Легче мне от этого не стало. Если ночью меня пугал грохот железных дверей, то днем это был шум машин. Всякий раз, когда я слышал приближающийся шум машины, я подозревал, что это приехали за мной, чтобы судить.
Когда, казалось, все предвещало близкий конец, в тюрьму прибыл начальник управления общественной безопасности, который провел с нами беседу.
Стоя на караульной вышке, он говорил с нами и от имени правительства совершенно определенно заявил, что народная власть вовсе не желает нашей смерти, а хочет, чтобы мы смогли перевоспитаться путем учебы и самоанализа; коммунистическая партия и народное правительство верят в перевоспитание преступников, верят в то, что при народной власти они смогут стать новыми людьми, так как мечта коммунизма — преобразовать мир, то есть преобразовать общество и человечество. Когда он закончил, несколько слов сказал начальник тюрьмы:
— Вы думаете только о смерти. Вам кажется, что все, что вы видите, делается для того, чтобы вас погубить. Подумайте, зачем народному правительству вас учить, если оно задумало с вами разделаться? Вы можете сказать: коль скоро нас не собираются убивать, неплохо бы тогда выпустить. Нет, плохо! Если вас выпустят, не перевоспитав, вы сможете снова совершить преступление, да и народ вас не простит.
Из того, что говорили оба начальника, я понял не все, да и не всему поверил. Тем не менее почувствовал справедливость сказанного. Действительно, если бы нас хотели казнить, стоило для этого расширять тюремные бани в Фушуне, спасать больного человека, которому грозила смерть, или заботиться о пище для меня и пожилых людей?
Впоследствии мы узнали, что такое отношение к заключенным не является чем-то из ряда вон выходящим в тюрьмах нового Китая.
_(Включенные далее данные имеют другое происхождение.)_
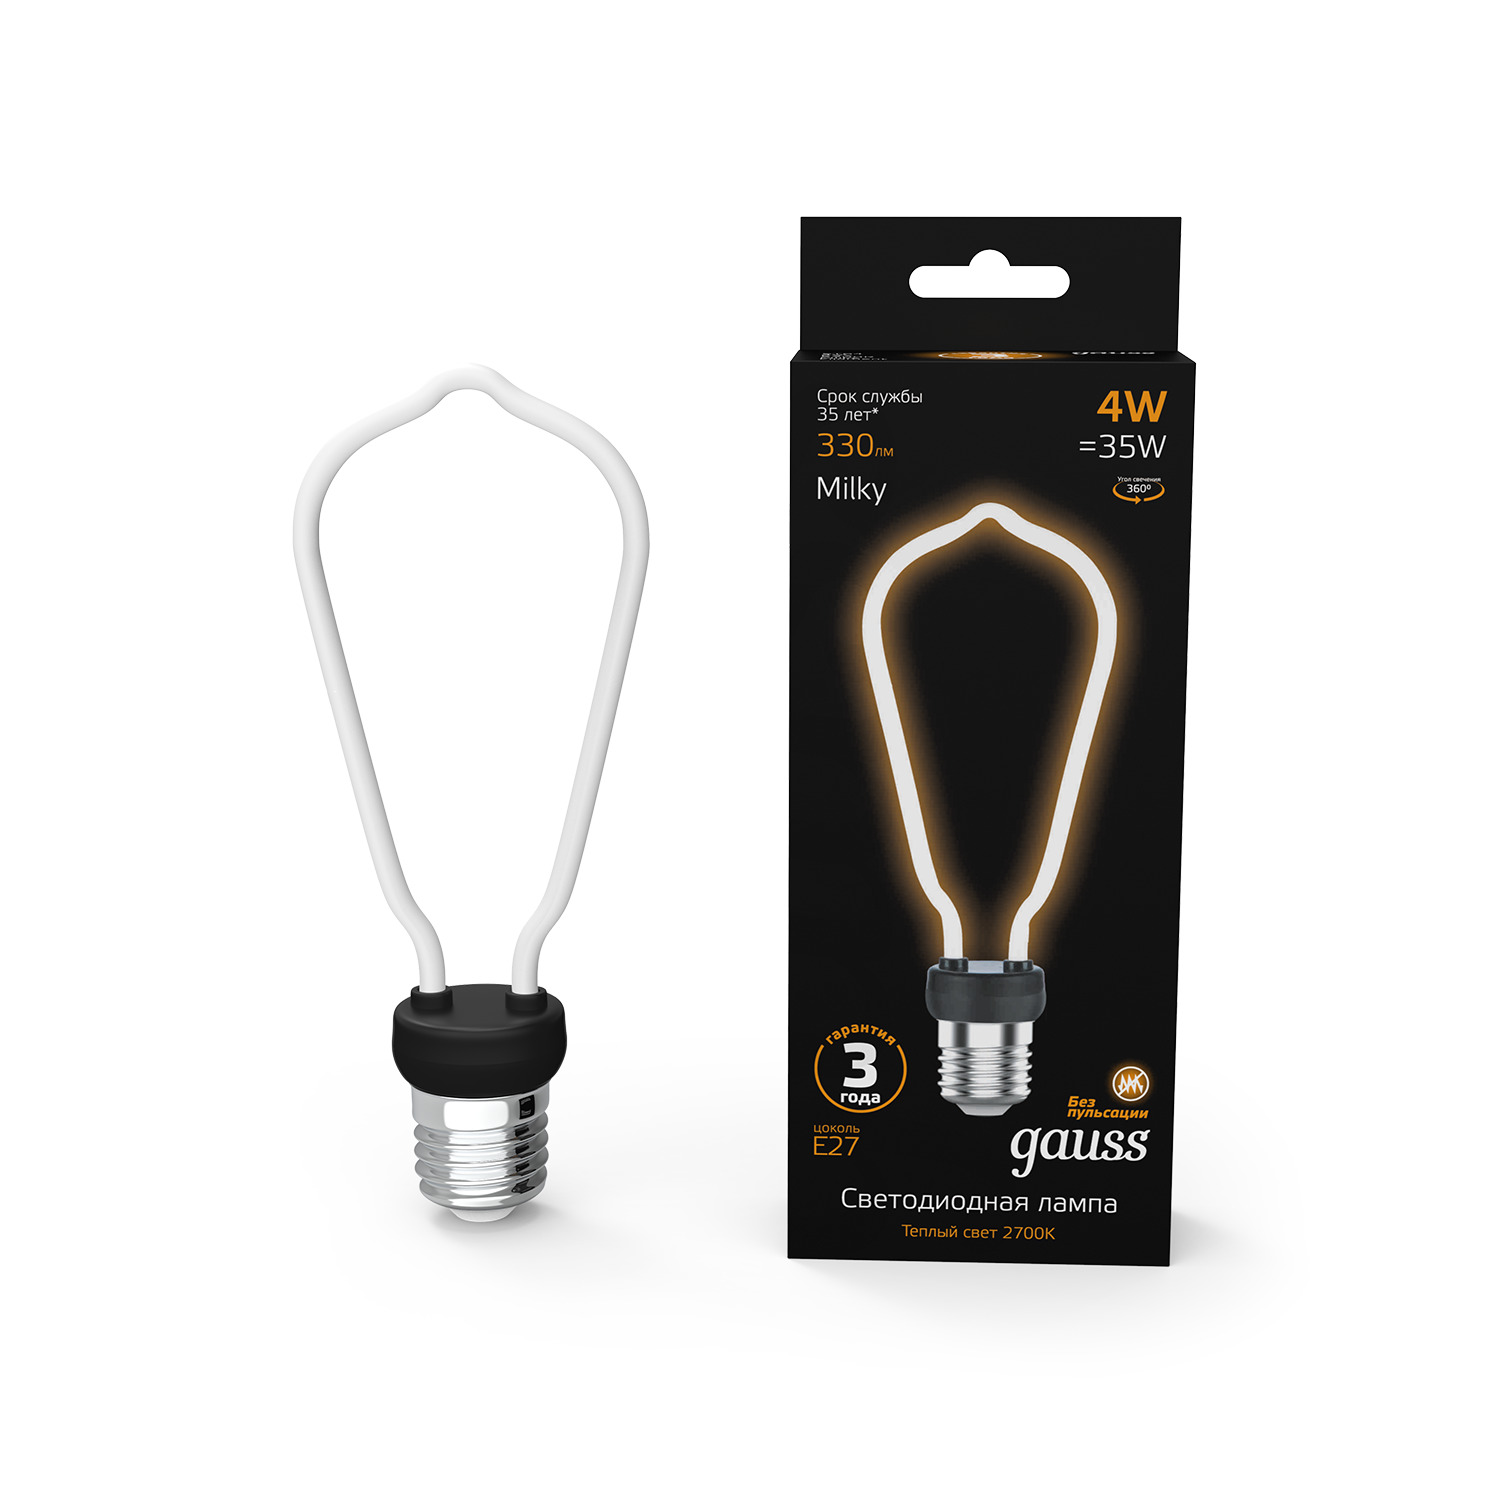 Лампа Gauss LED Filament Bulbless ST64 Milky E27 4W 330 Лм 2700K 64x165мм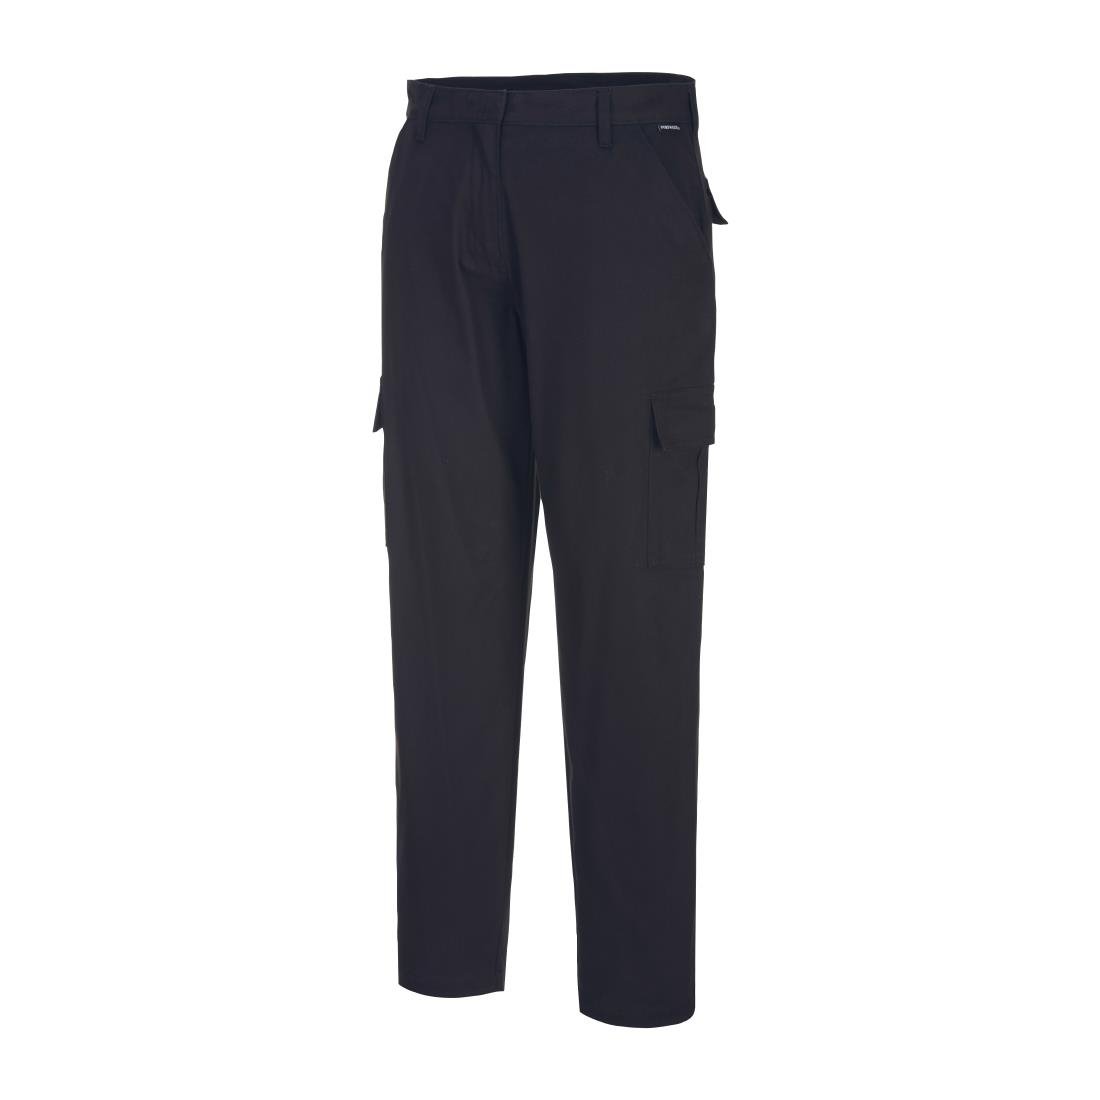 BA088-18 Portwest Eco Women's Stretch Cargo Trousers Black Size 18

Каждый из нас принял во внимание все, что сказали начальник управления и начальник тюрьмы о перевоспитании и учении. Мне казалось, что нас заставляют читать книги и газеты только для того, чтобы заполнить время и оградить от ненужных мыслей. Прочесть несколько книг и сразу изменить образ мышления — для меня это было непостижимым.
В наших занятиях тоже произошли изменения. Прежде нас никто не проверял и каждый занимался тем, чем хотел. Теперь появился преподаватель — один из кадровых работников тюрьмы. Он прочел мне лекцию на тему "Что такое феодализм", после чего состоялась дискуссия.
Однажды этот лектор сказал нам:
— Я уже говорил, что идеологическое перевоспитание начинается с осознания своих прежних взглядов. Образ мысли каждого человека неотделим от его социального происхождения и того, как человек жил. Поэтому, чтобы осуществить идеологическое перевоспитание, следует объективно, откровенно проанализировать историю собственной жизни и написать автобиографию.
Я подумал про себя: "И это есть перевоспитание? Не способ ли это вытянуть у меня показания? Вероятно, коммунисты решили постепенно прибрать меня к рукам, раз военная обстановка стабилизировалась".